MSEA supports smaller class sizes. Reducing class sizes has a positive impact on closing achievement gaps and enhancing safety, discipline, and order in the classroom. Teachers with small classes can spend time and energy helping each child succeed. Simply stated, when qualified teachers teach smaller classes in modern schools, students learn more.
MSEA advocated successfully for legislation that requires the Maryland State Department of Education to determine and report actual class size based on the number of students who regularly participate in a classroom teacher's class, rather than the overall pupil-teacher ratio.
At the national level, NEA is pushing for restoration of the class size reduction program in the reauthorization of the Elementary and Secondary Education Act.
Research
Studies show that students in smaller classes, especially minority and low-income students and students with special needs, reap academic benefits through middle and high school.
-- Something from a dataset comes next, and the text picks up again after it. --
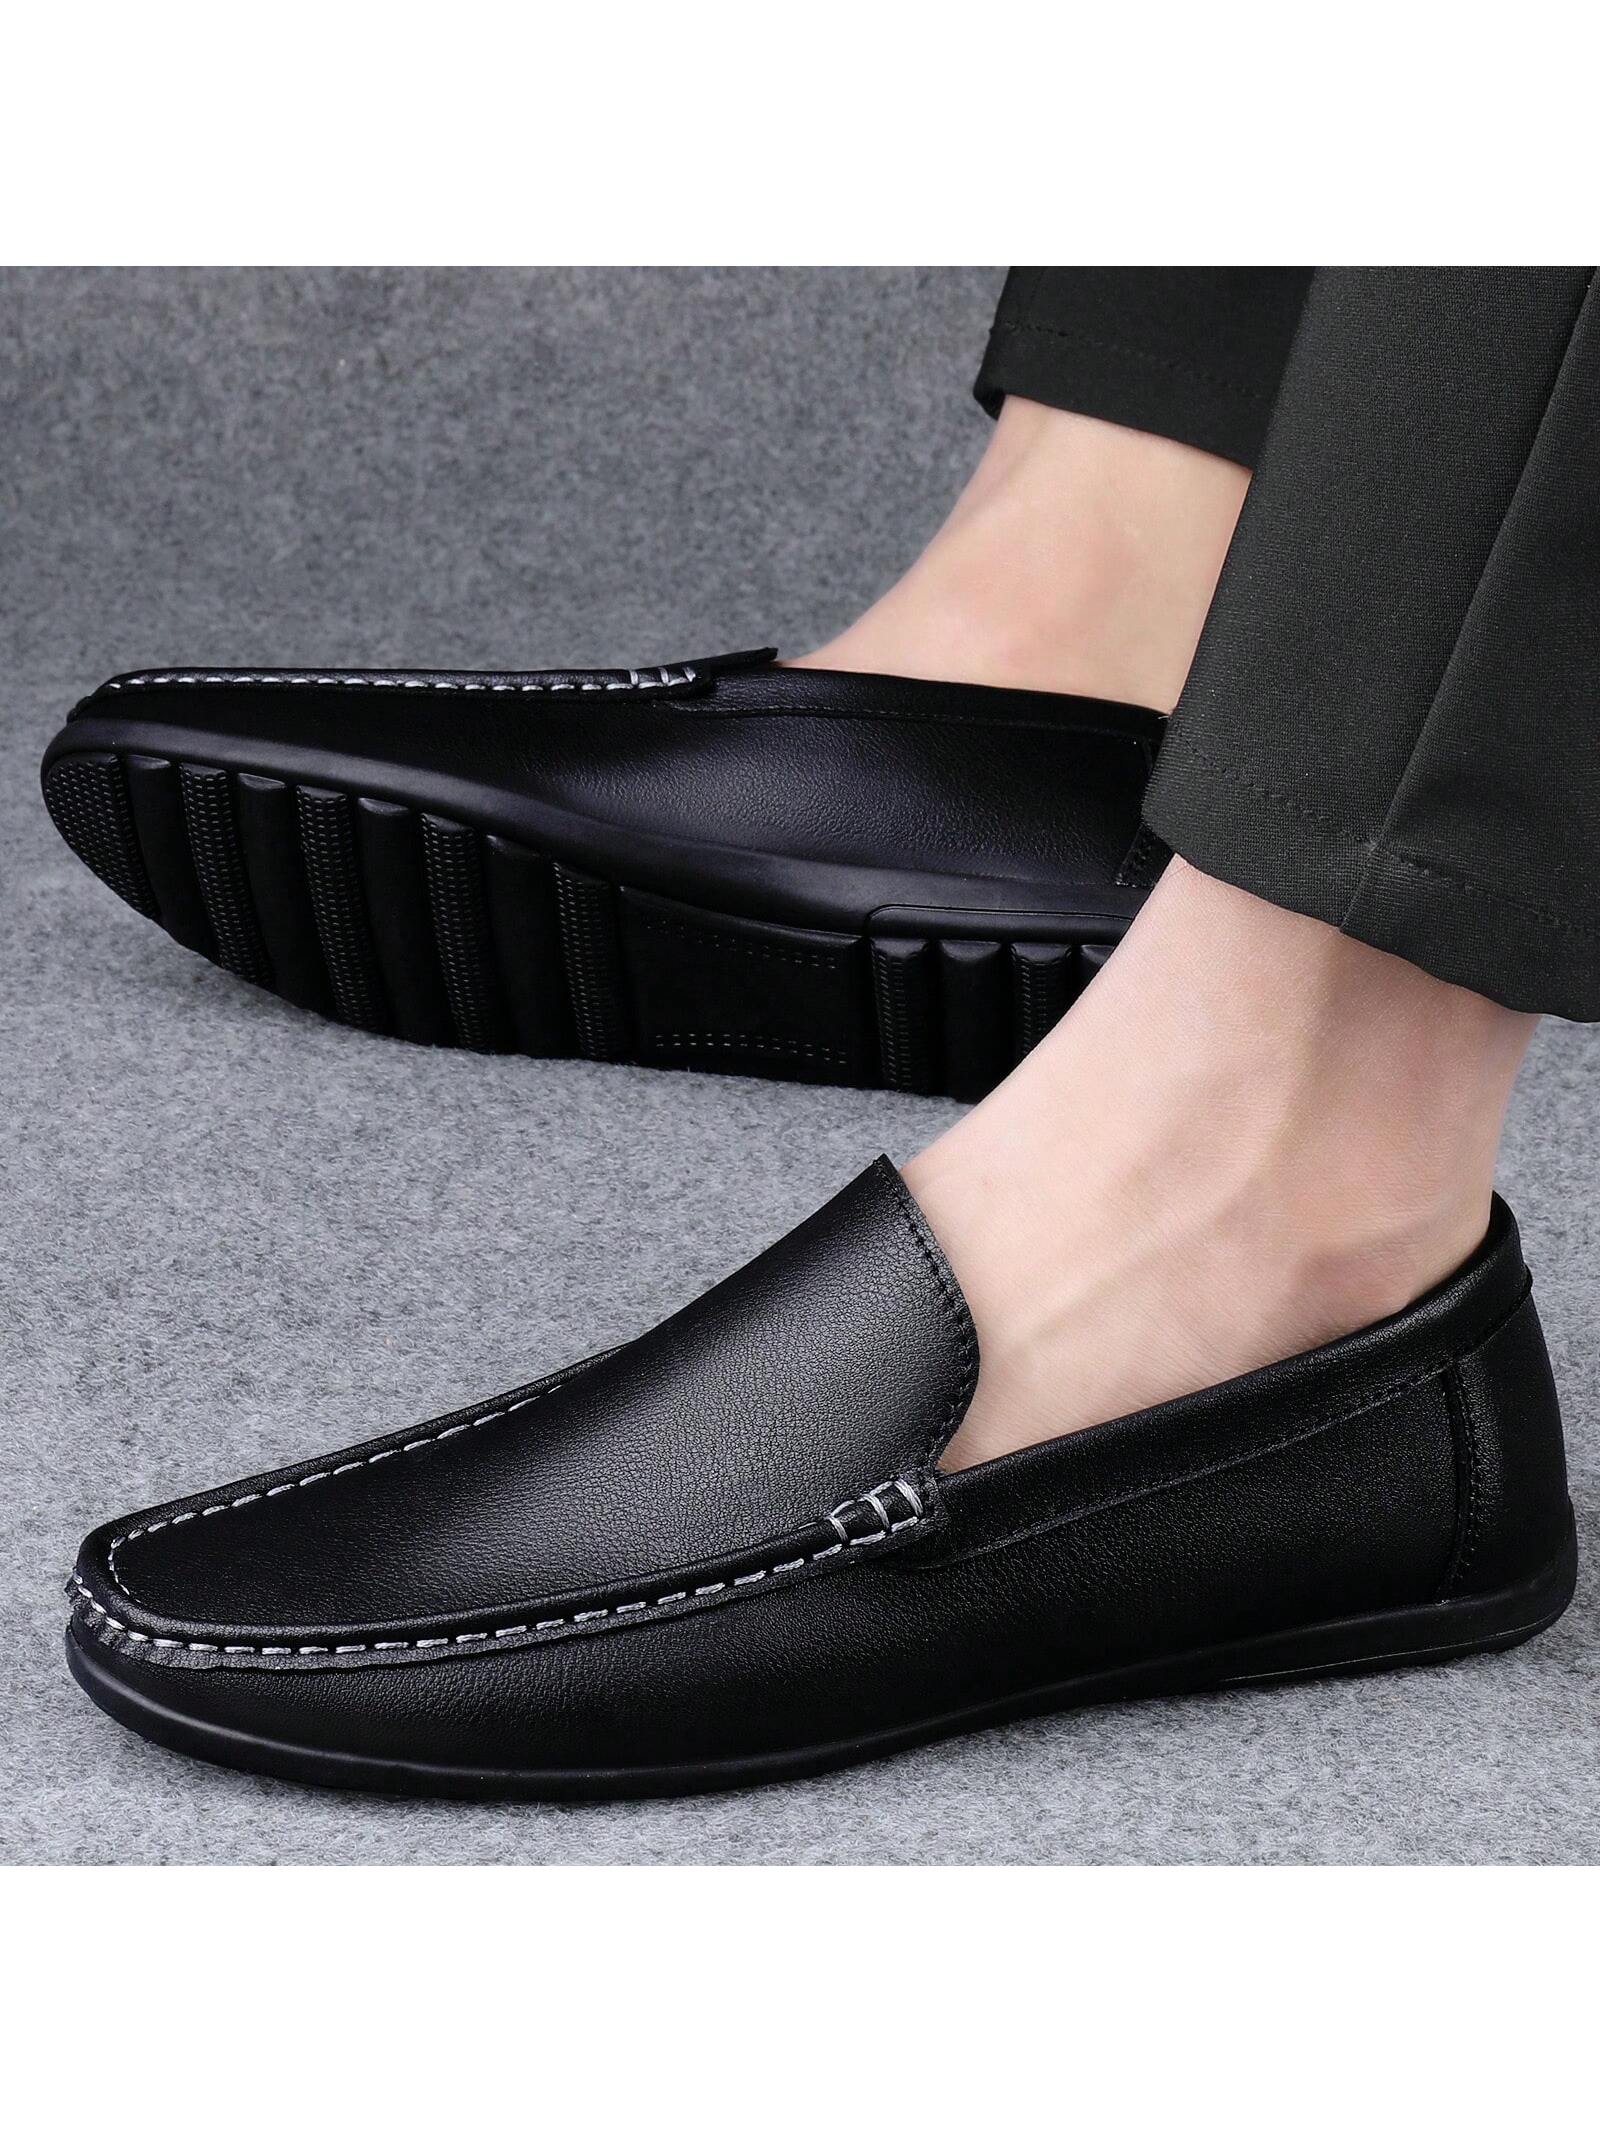 Мужские лоферы, повседневная обувь на плоской подошве, черный кроссовки женские с открытым носком повседневная обувь лоферы на плоской подошве уличная мягкая легкая прогулочная обувь
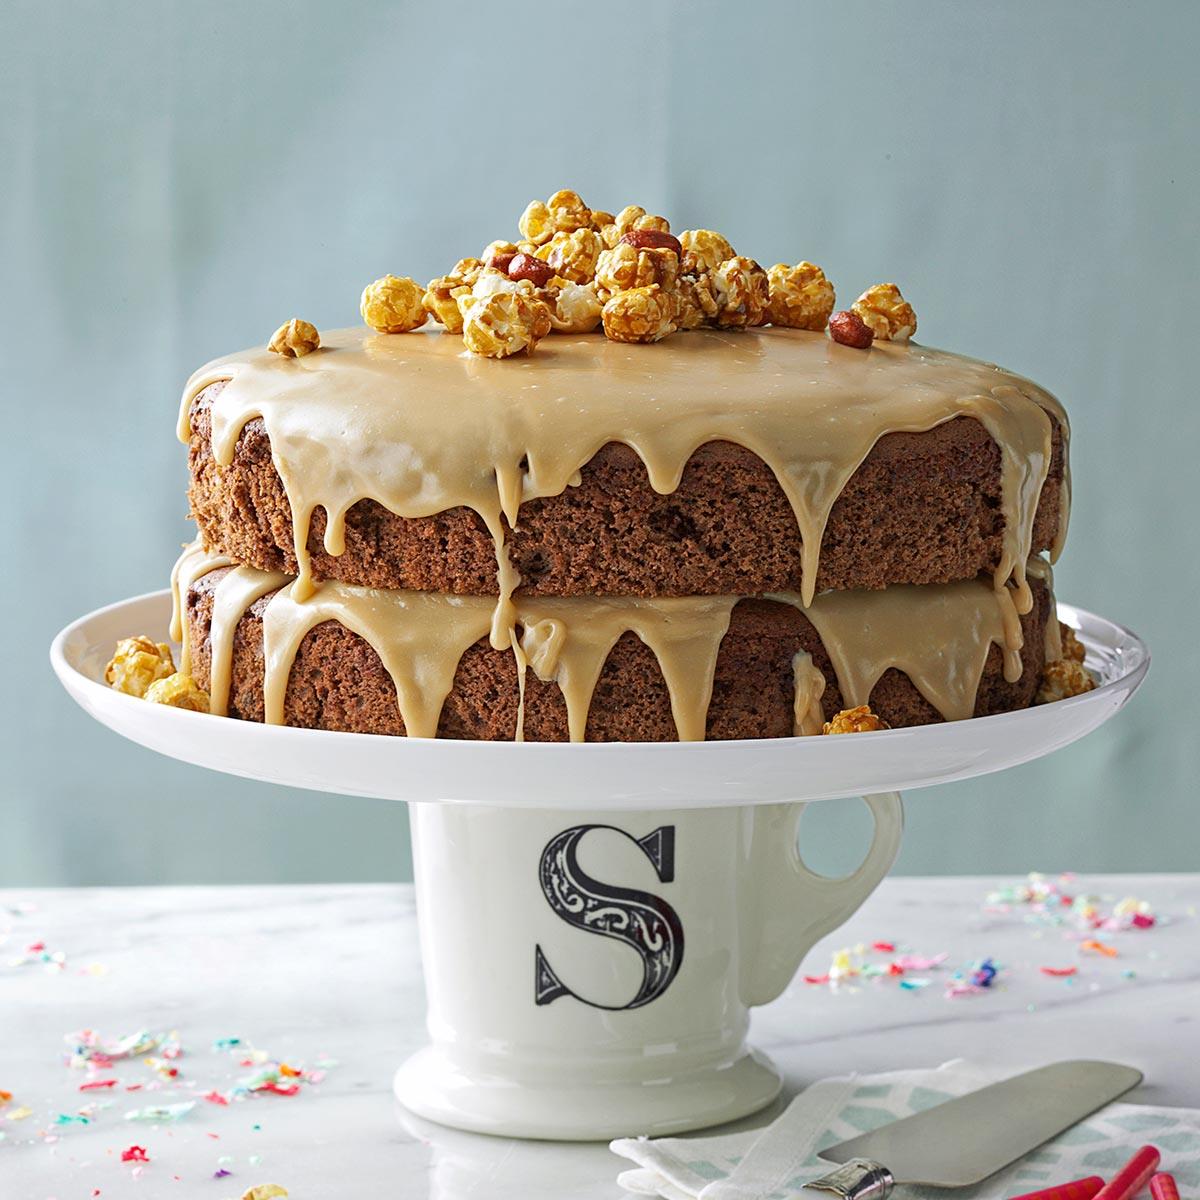 Sugar-and-Spice Layer Cake Recipe

Researchers have documented benefits of class sizes of 15-18 students in kindergarten and fewer than 20 students in grades 1-3.
The Student Teacher Achievement Ratio (STAR) study, the first comprehensive study on class size, found that smaller class sizes had lasting, positive effects on student achievement. A recent paper revisiting the STAR study stated that students who were in smaller classes were more likely to attend college.
In 2003, a U.S. Department of Education Institute of Education Services guide recommended reducing class sizes in grades K-3.
In the News
Due to shrinking state and national budgets, class sizes are being affected and concerns are mounting. In February 2011, Frederick County residents packed the local board room over concerns about class sizes.
A March 2011 poll of Anne Arundel County parents showed that 60 percent of them were concerned about class sizes. In education polling throughout Maryland, class size frequently tops the concerns of parents and the general public.
In an October 2010 article in the Washington Post column The Answer Sheet, Leonie Haimson laid into the myth that the benefits of class size are unproven and that it’s only important in the early grades.
Multiple Viewpoints
A March 2011 episode of National Public Radio’s The Diane Rehm Show featured an in-depth discussion of class size with guests including Diane Ravitch, a senior fellow at the Brookings Institution; Leonie Haimson, executive director of Class Size Matters; and Kerry Sylvia, a high school teacher in Washington, D.C.
The New York Times blog The Learning Network recently asked students to weigh in with their opinions on class size. You can read their answers on the blog and see how students feel their class size impacts them.